2. the medical text terms automatic identifying method according to claim 1 based on shot and long term memory network, feature It is, obtain word vector with the text vector training method of word2vec, the word vector matrix L of generation is that n × m ties up matrix, Middle n represents the number of words in dictionary, and m represents the dimension of each word vector, usual m value between 100 to 300.

3. a kind of medical text terms automatic recognition system based on shot and long term memory network characterized by comprising

Two-way length memory network unit in short-term obtains medicine text for training data to be input in two-way length memory network The label classification of each text maximum probability in this sentence；

Conditional random field models unit, for by the label classification of each text maximum probability this output result be input to condition with In airport, the maximum annotated sequence of joint probability is calculated using viterbi algorithm.

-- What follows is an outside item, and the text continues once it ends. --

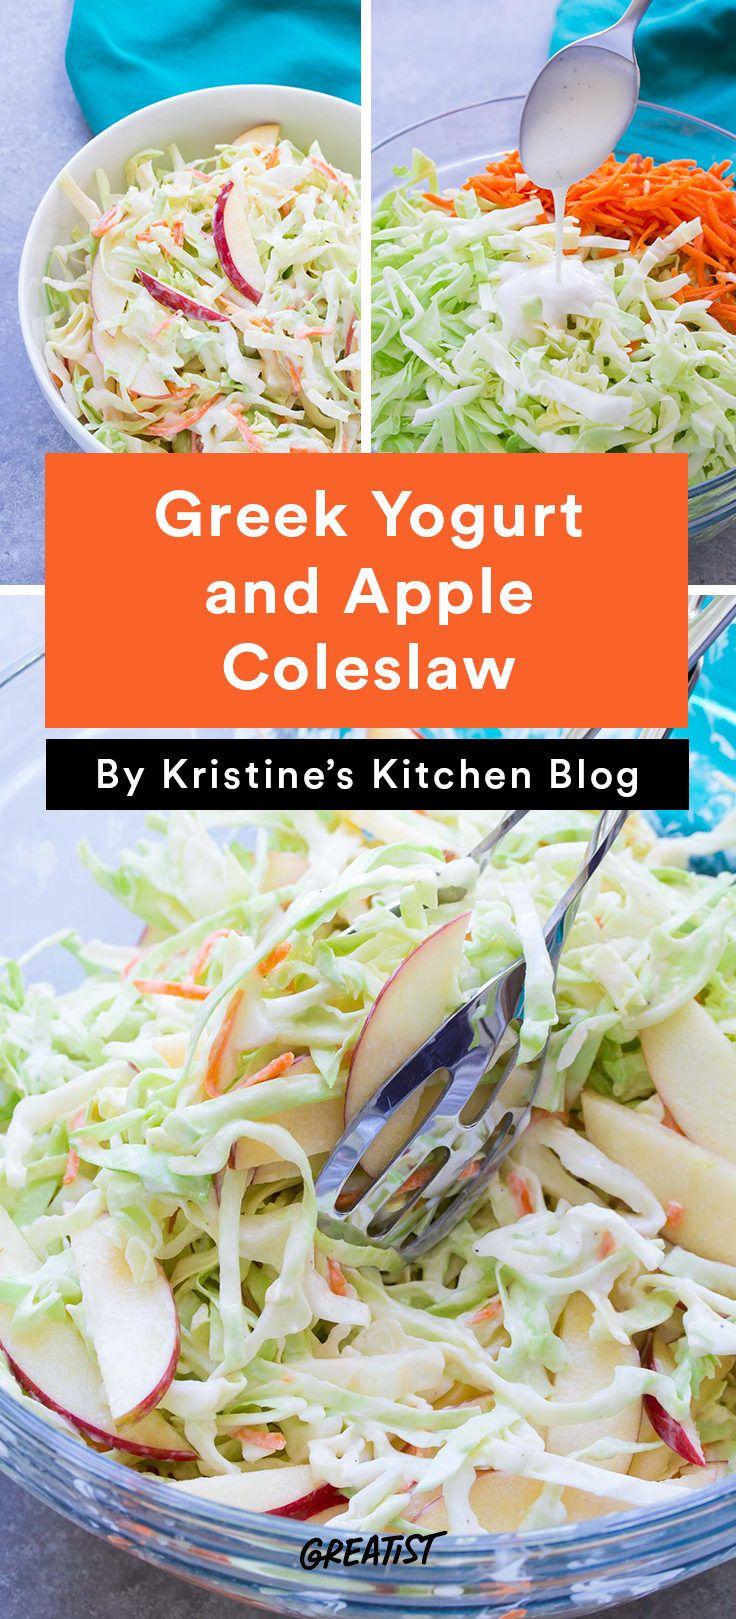 2. Greek Yogurt and Apple Coleslaw  #greatist http://greatist.com/eat/mayo-free-coleslaw-recipes
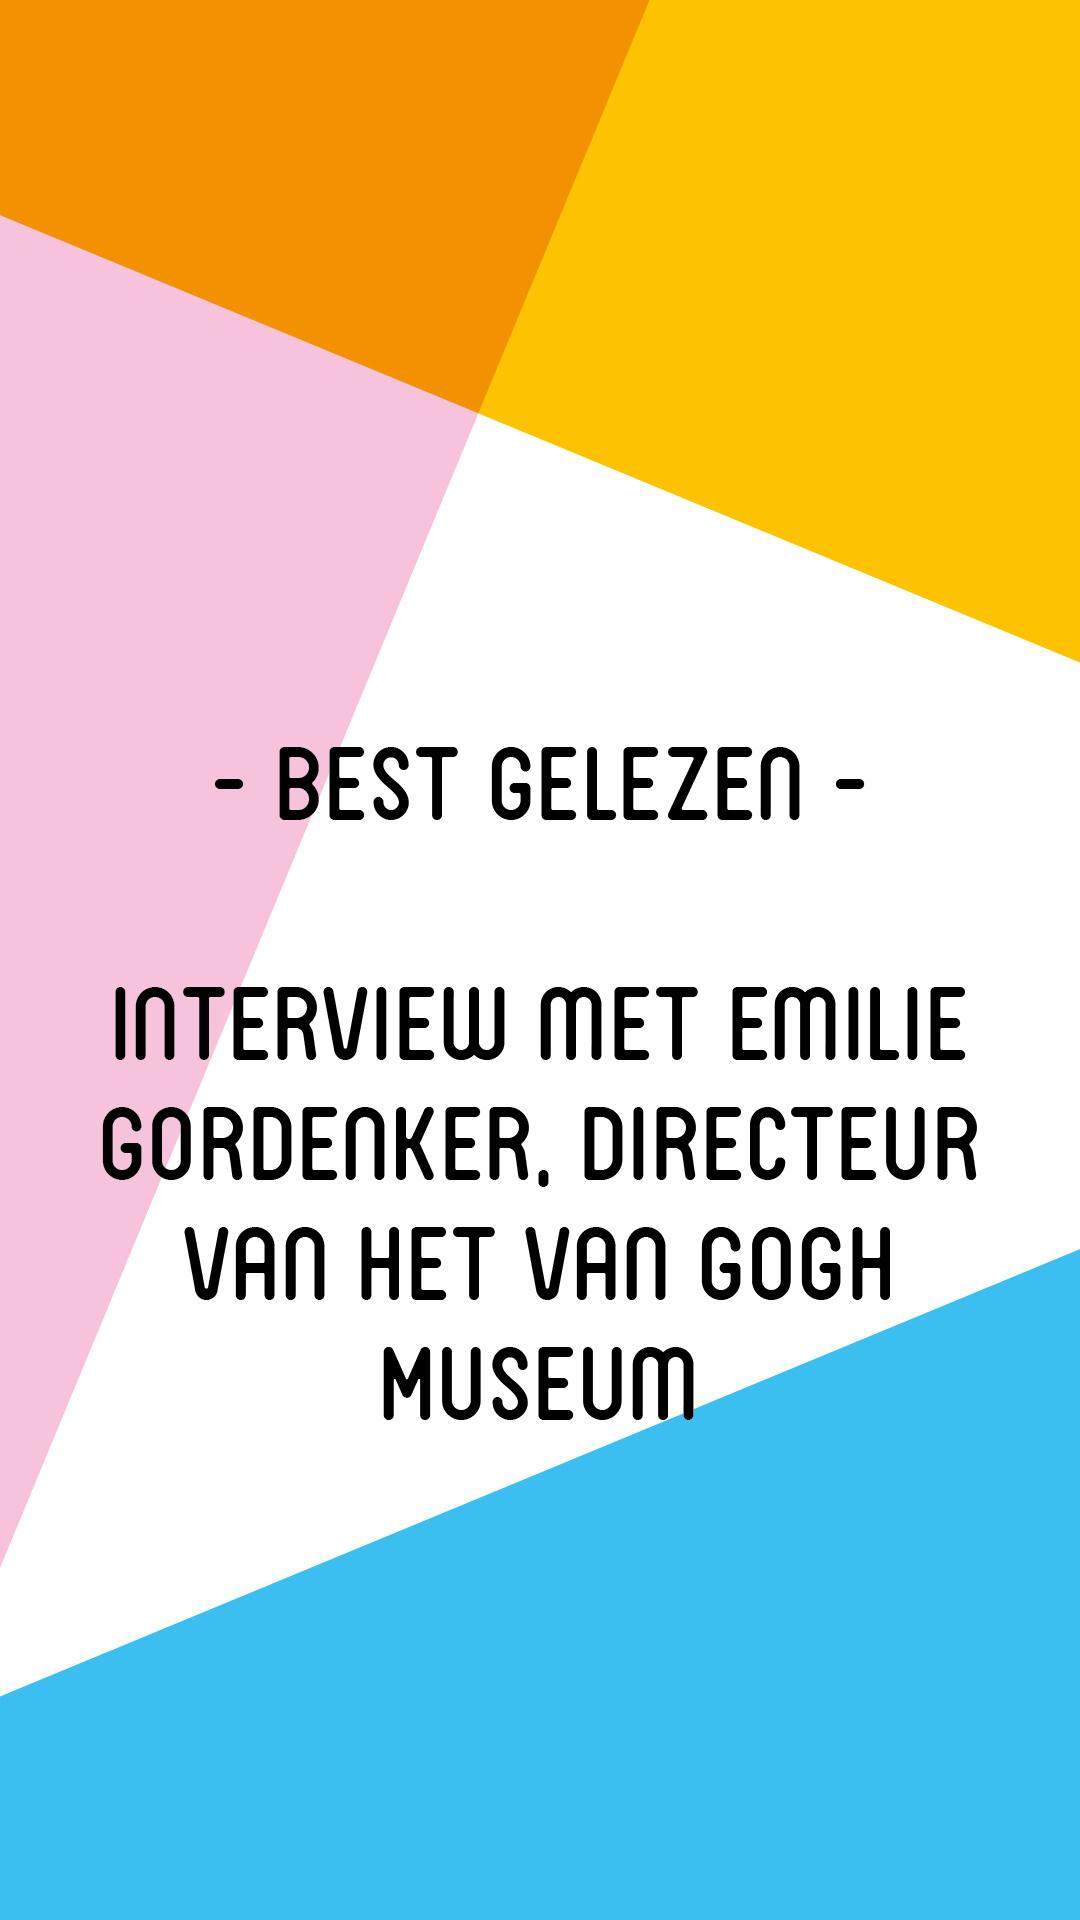 Interview met Emilie Gordenker, directeur van het Van Gogh Museum

4. the medical text terms automatic recognition system according to claim 1 based on shot and long term memory network, feature It is, specifically includes:

Text input layer, text are inputted in the form that single word is split；

Two-way length memory network layer in short-term extracts word vector embeding layer feature using LSTM layers forward, backward LSTM layers respectively；

Condition random field layer integrates the information of two-way LSTM, and the information after integration will be exported medicine text as input Word for word mark part of speech.